Design Control for Software | An introduction

Posted on by Congenius

The number of regulations, standards, and guidance documents specific to software in or as a medical device (SiMD, SaMD) is substantial and growing. The recent rise in regulatory documents that have been developed and set into force coincides with the sharp increase in SiMD and SaMD development within the medical devices industry.

Over the past few years, many companies that previously developed purely mechanical or unconnected devices with electronics and embedded software (eSW) have started to develop connected devices, apps, and/or other digital solutions. Venturing into this new territory comes with its challenges – with even non-medical apps or digital solutions being regulated under the same principles as medical device software (e.g., in terms of cybersecurity and data protection).

Furthermore, whilst developing the source code for a certain functionality (e.g., in an app) is a reasonable effort, compliantly documenting and testing the source code takes a multiple of this duration, not to mention the time and budget required for ongoing software maintenance. When the effort is underestimated, costs explode, and deadlines are missed.

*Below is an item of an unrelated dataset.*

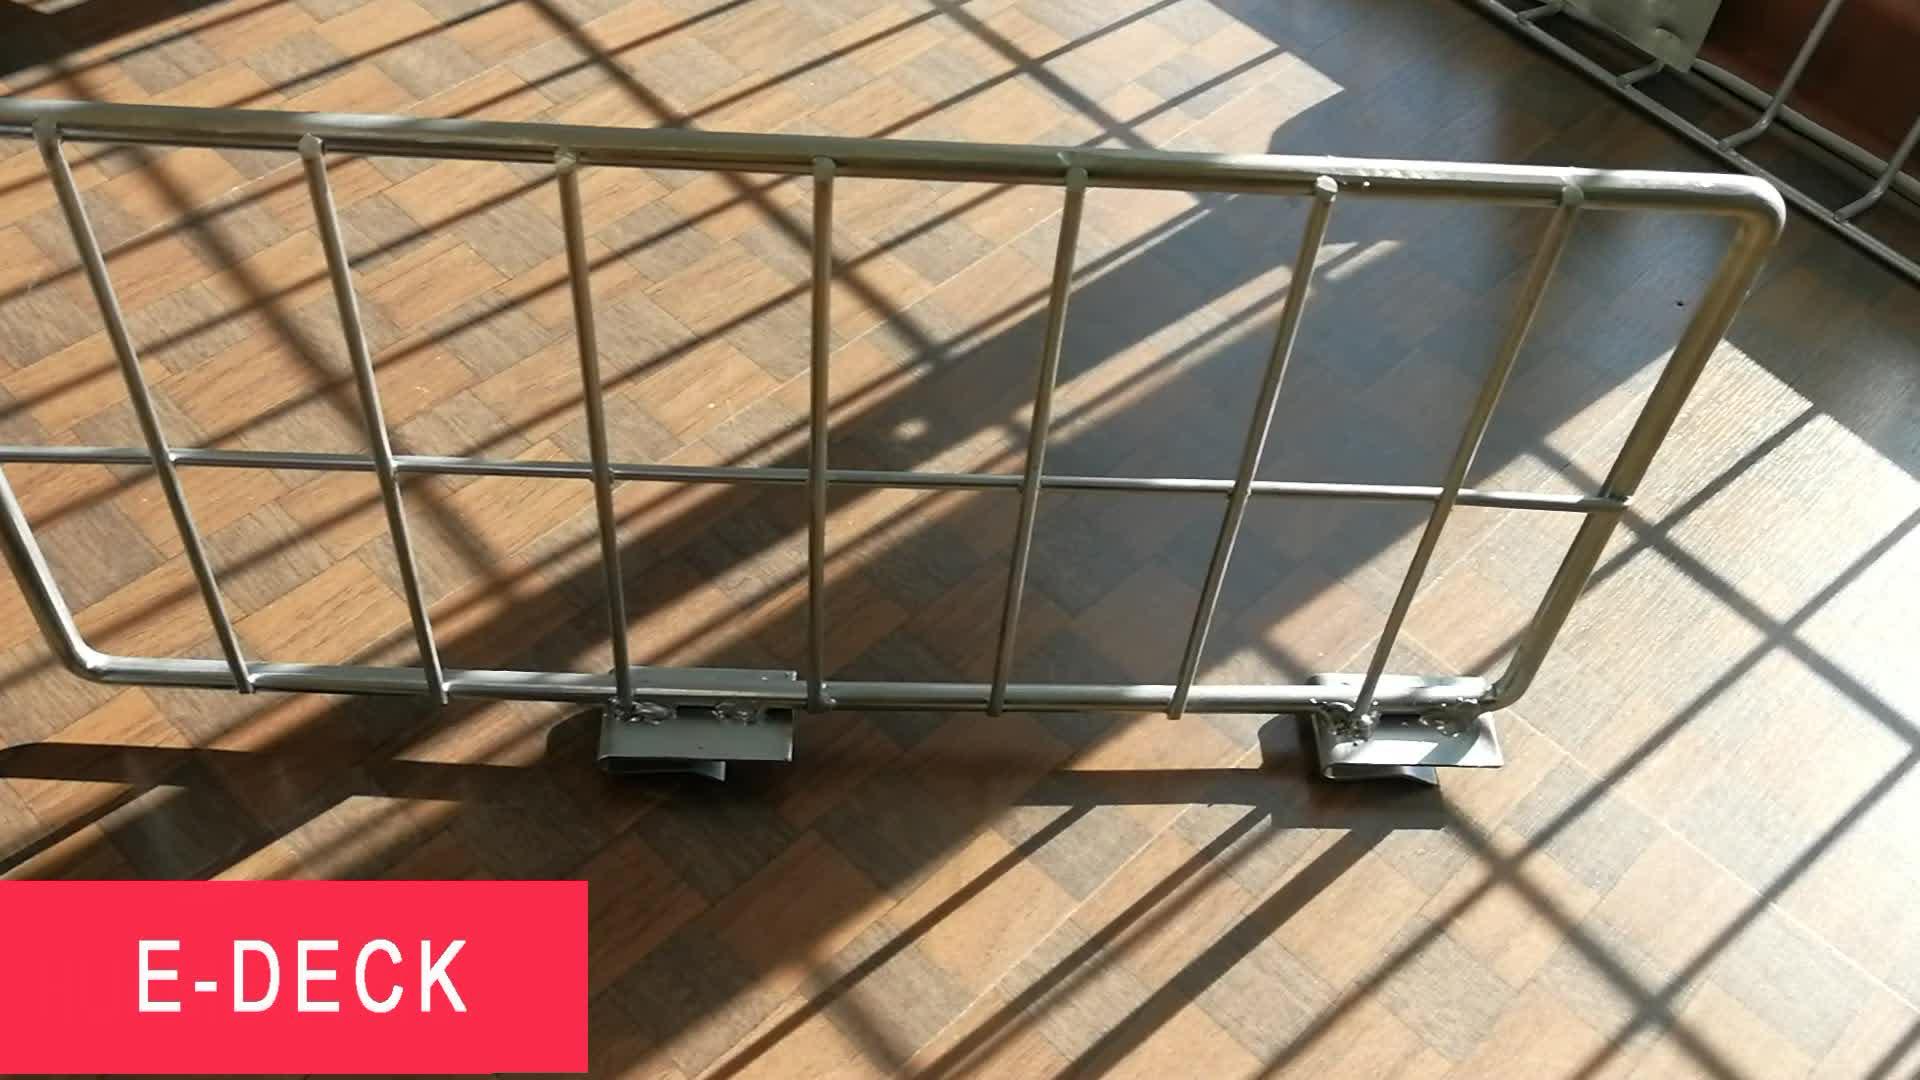 Özel depo ayakta clip-on snap-in palet raf metal çelik ızgara dikey tel raf bölücüler

Brought to you by our Head of Quality and eHealth Dr Dirk Hüber, our latest whitepaper outlines some basics regarding design control for software that will facilitate an understanding of why the regulatory requirements for medical device software are in force, and why they make sense. Within the free whitepaper below we explore:

  • The different processes to develop and test software (e.g., the classic waterfall vs the V-model)
  • Cybersecurity and data protection requirements for connected devices and software
  • The importance of software updates & configuration management
  • The regulatory requirements for software taken from external sources, such as off-the-shelf (OTS) software and software of unknown provenance (SOUP), including open-source software (OSS) and free open-source software (FOSS), and the need for ongoing maintenance of these kinds of software
  • The aspects to consider when purchasing software – even if it’s free of charge

You can access the full whitepaper at the download button below.

Can’t see the whitepaper? Simply log in, or subscribe to our Knowledge update for full access to all content from our MedTech experts.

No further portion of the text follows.